What you are asked to do
Begin your copy at the line holding "О состоянии пострадавшей" and end it at the last line of the listing. Keep every line exact and leave out the pictures.

Recorded data: Begin

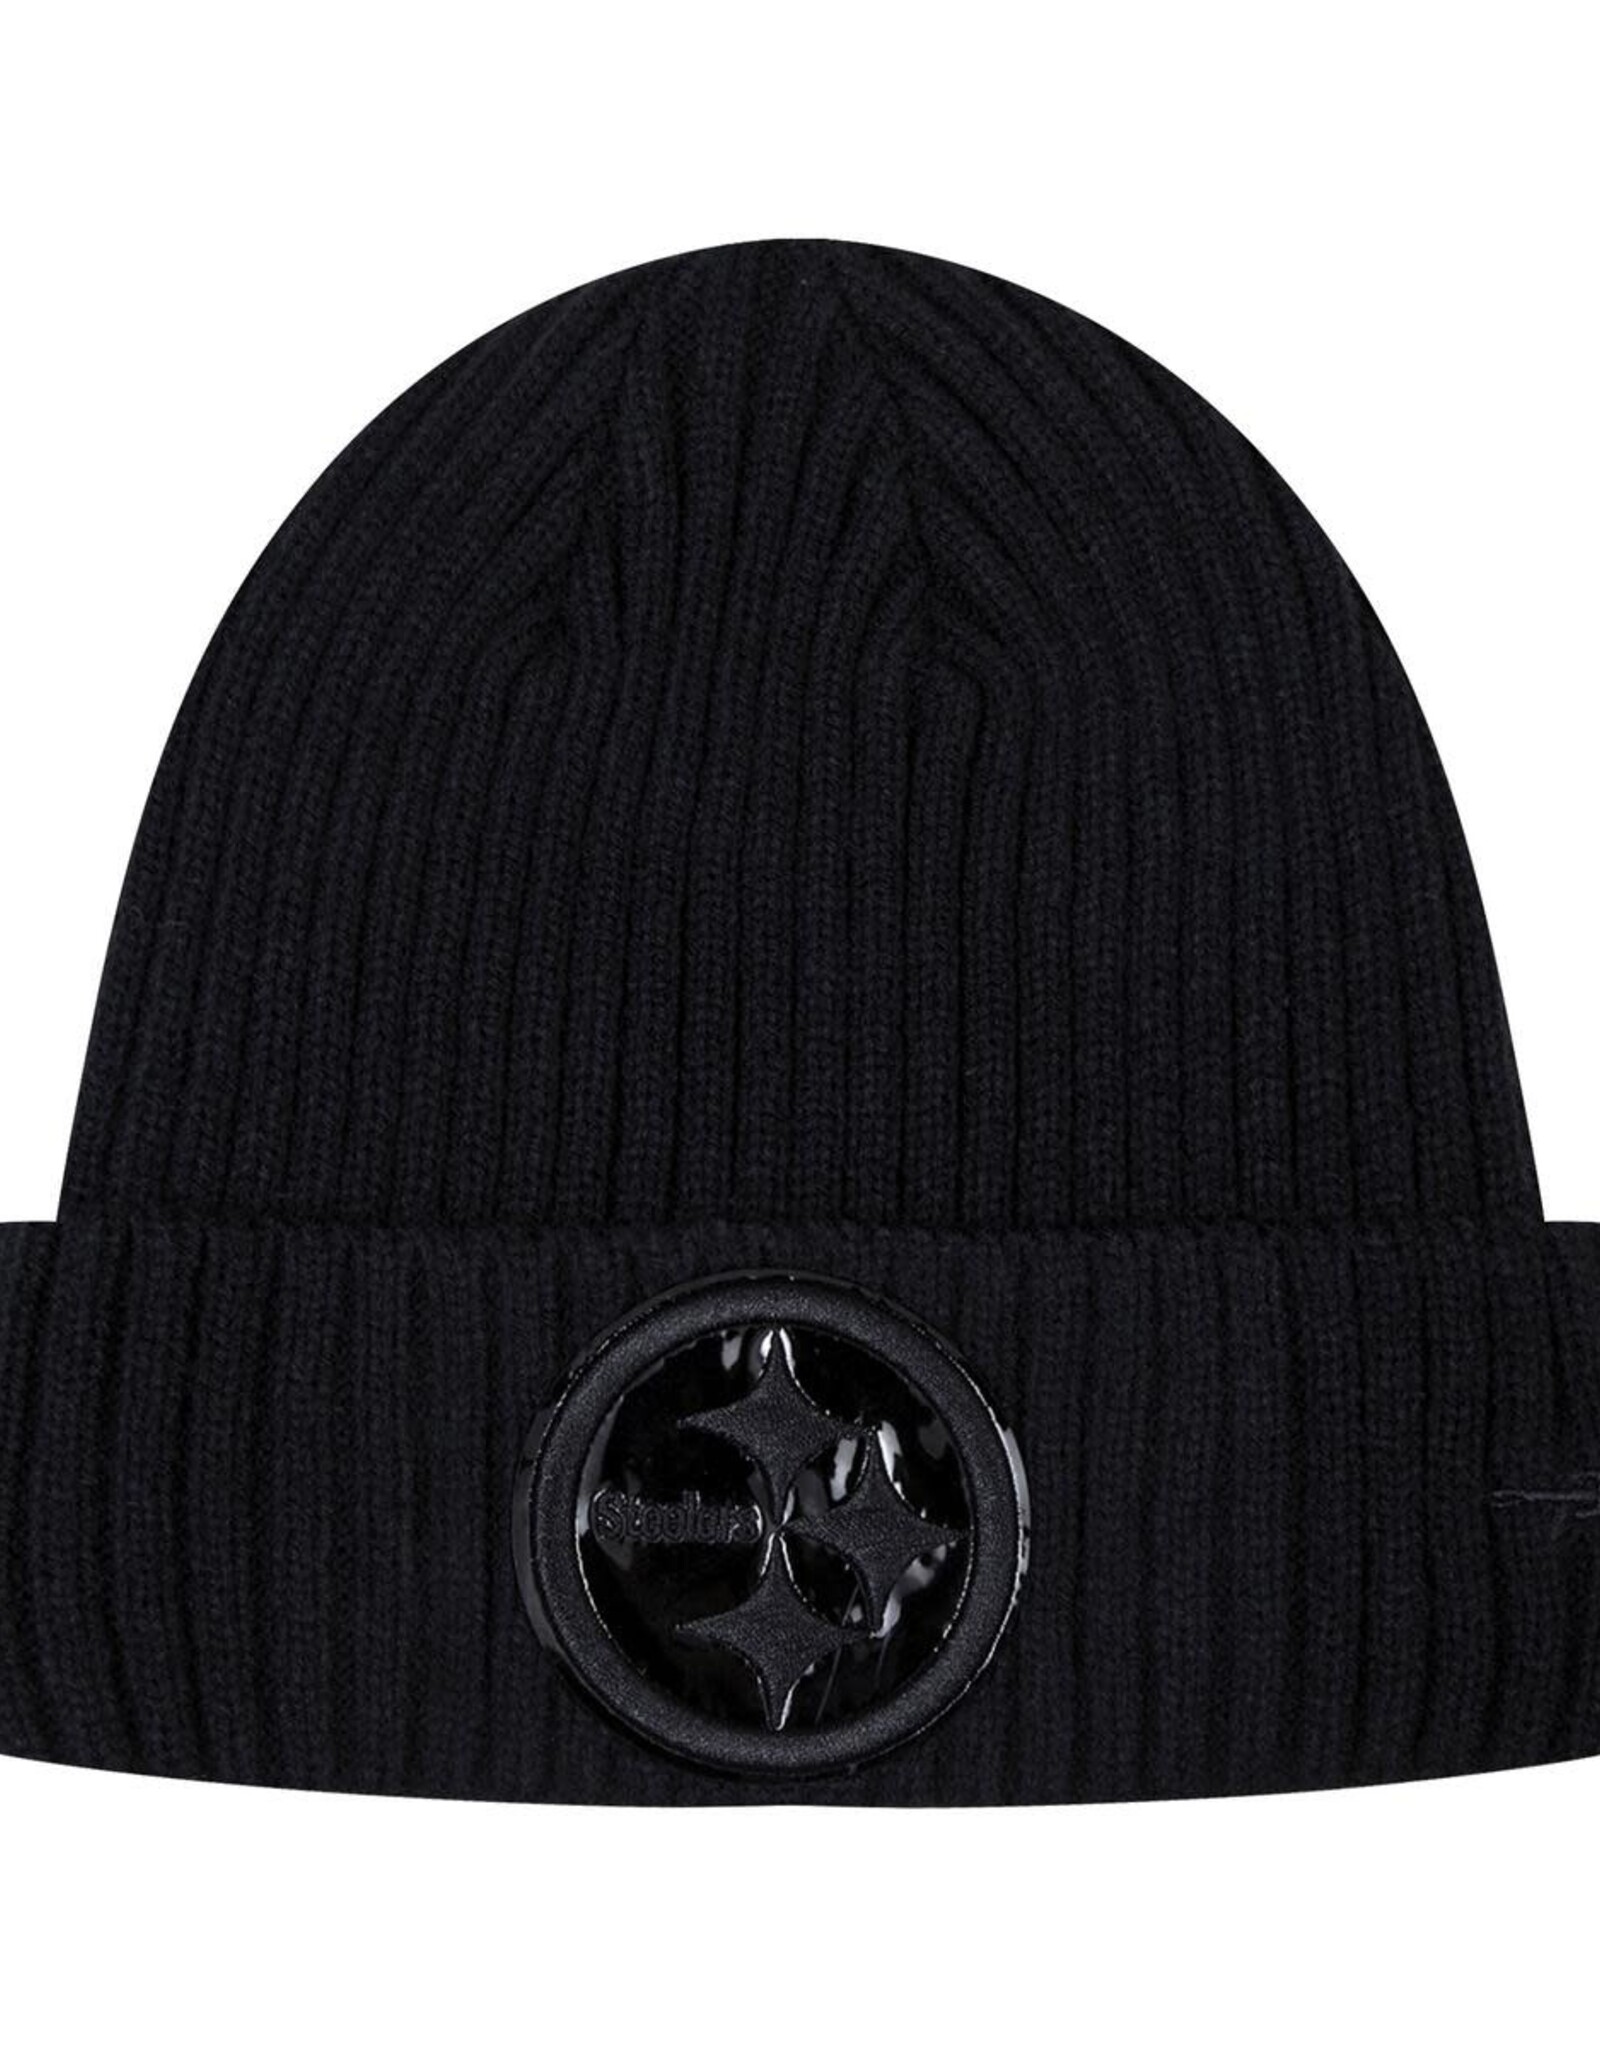 Pro Standard Pittsburgh Steelers Triple Black Knit Hat
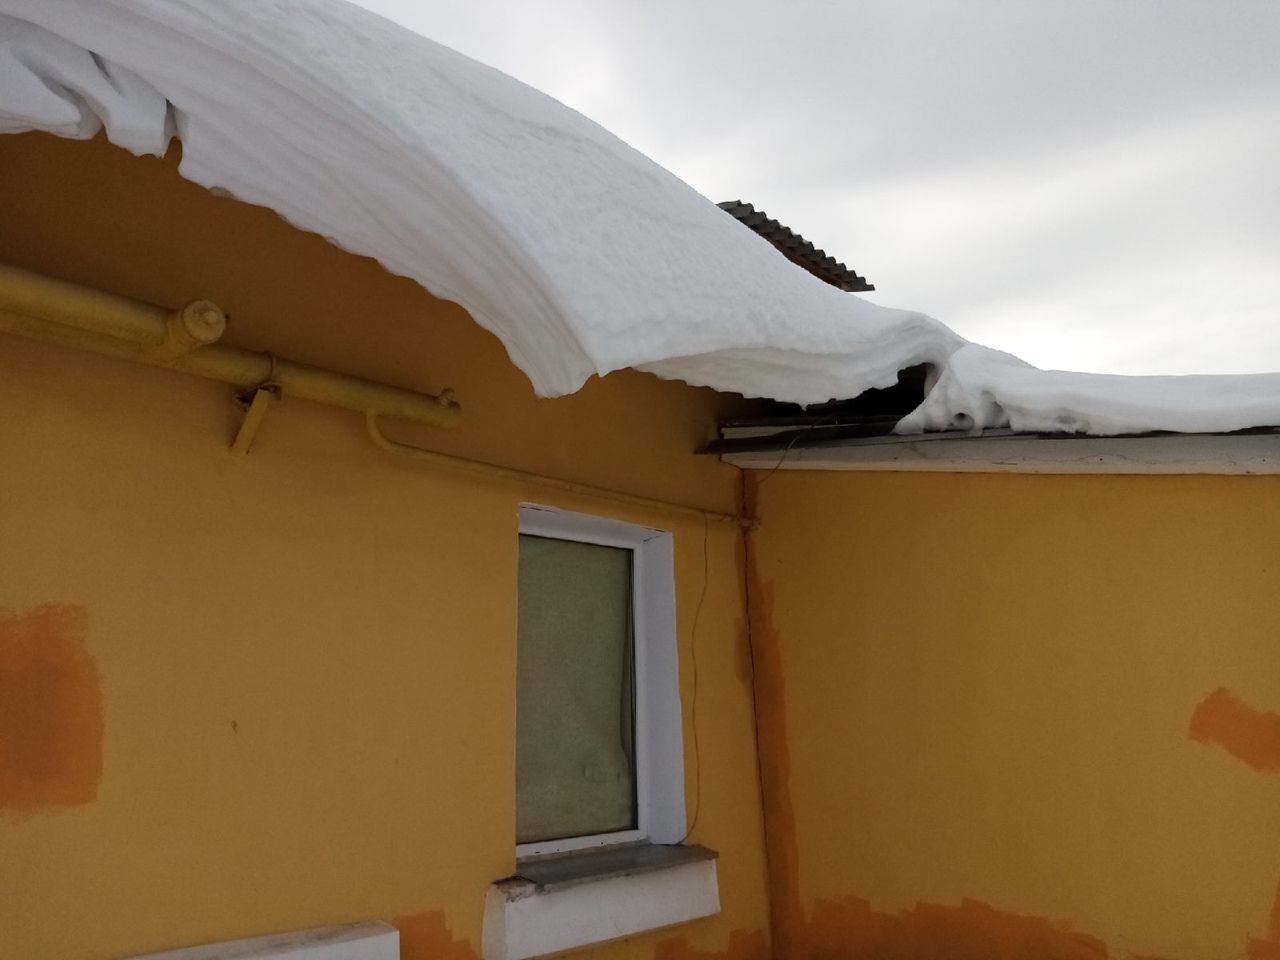 О состоянии пострадавшей от схода снега жительницы рассказали в минздраве региона
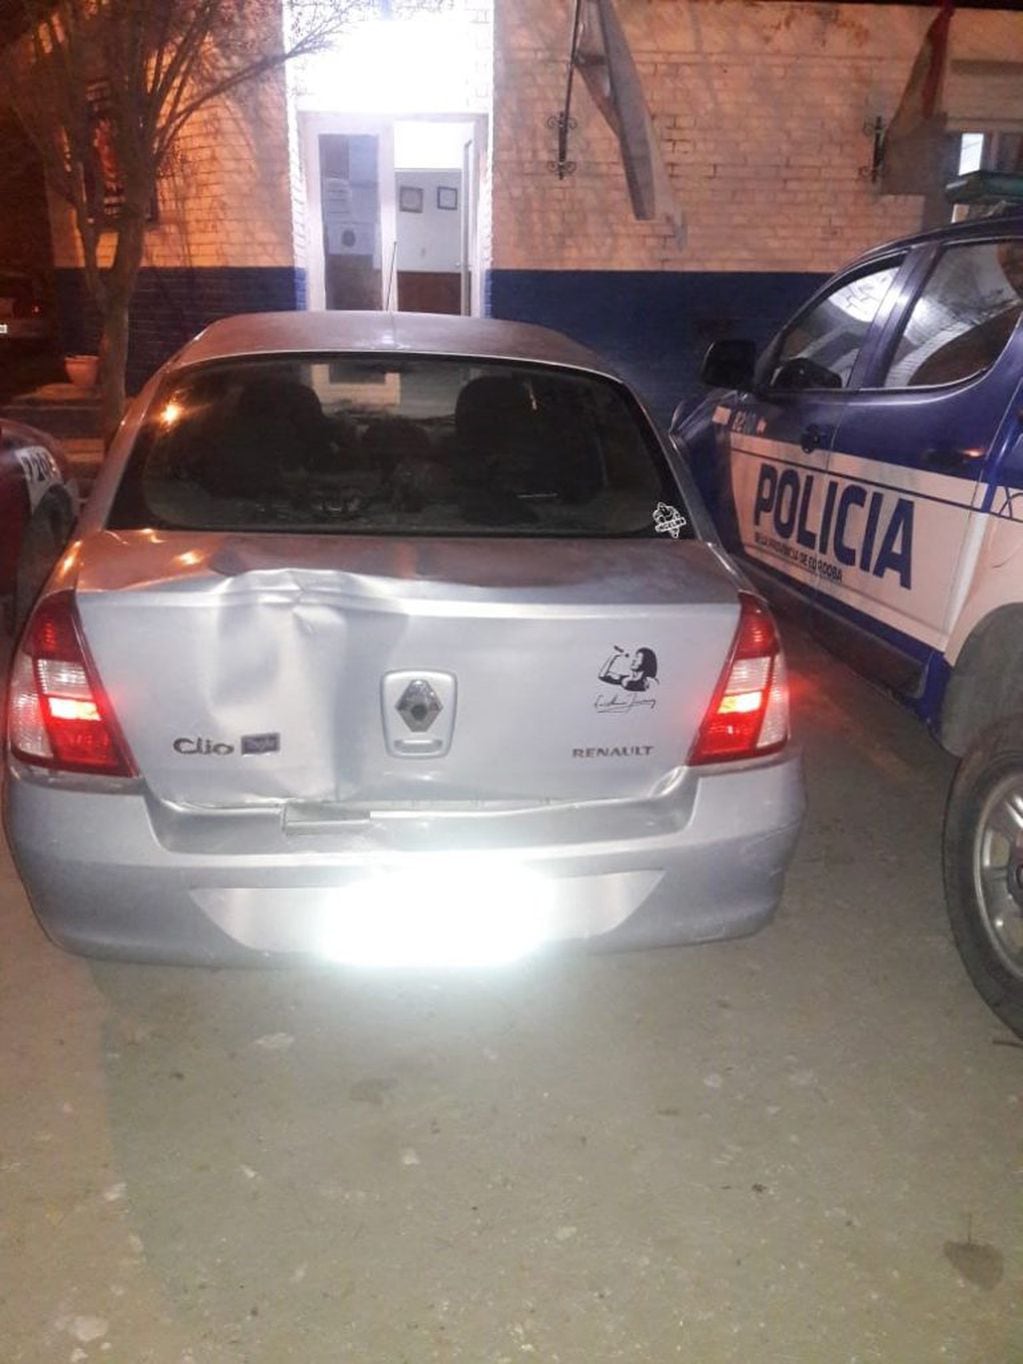 Renault Clio que fue utilizado para robar una vivienda hace poco más de un mes.

Recorded data: End

Solution to this problem
 О состоянии пострадавшей от схода снега жительницы рассказали в минздраве региона
 Renault Clio que fue utilizado para robar una vivienda hace poco más de un mes.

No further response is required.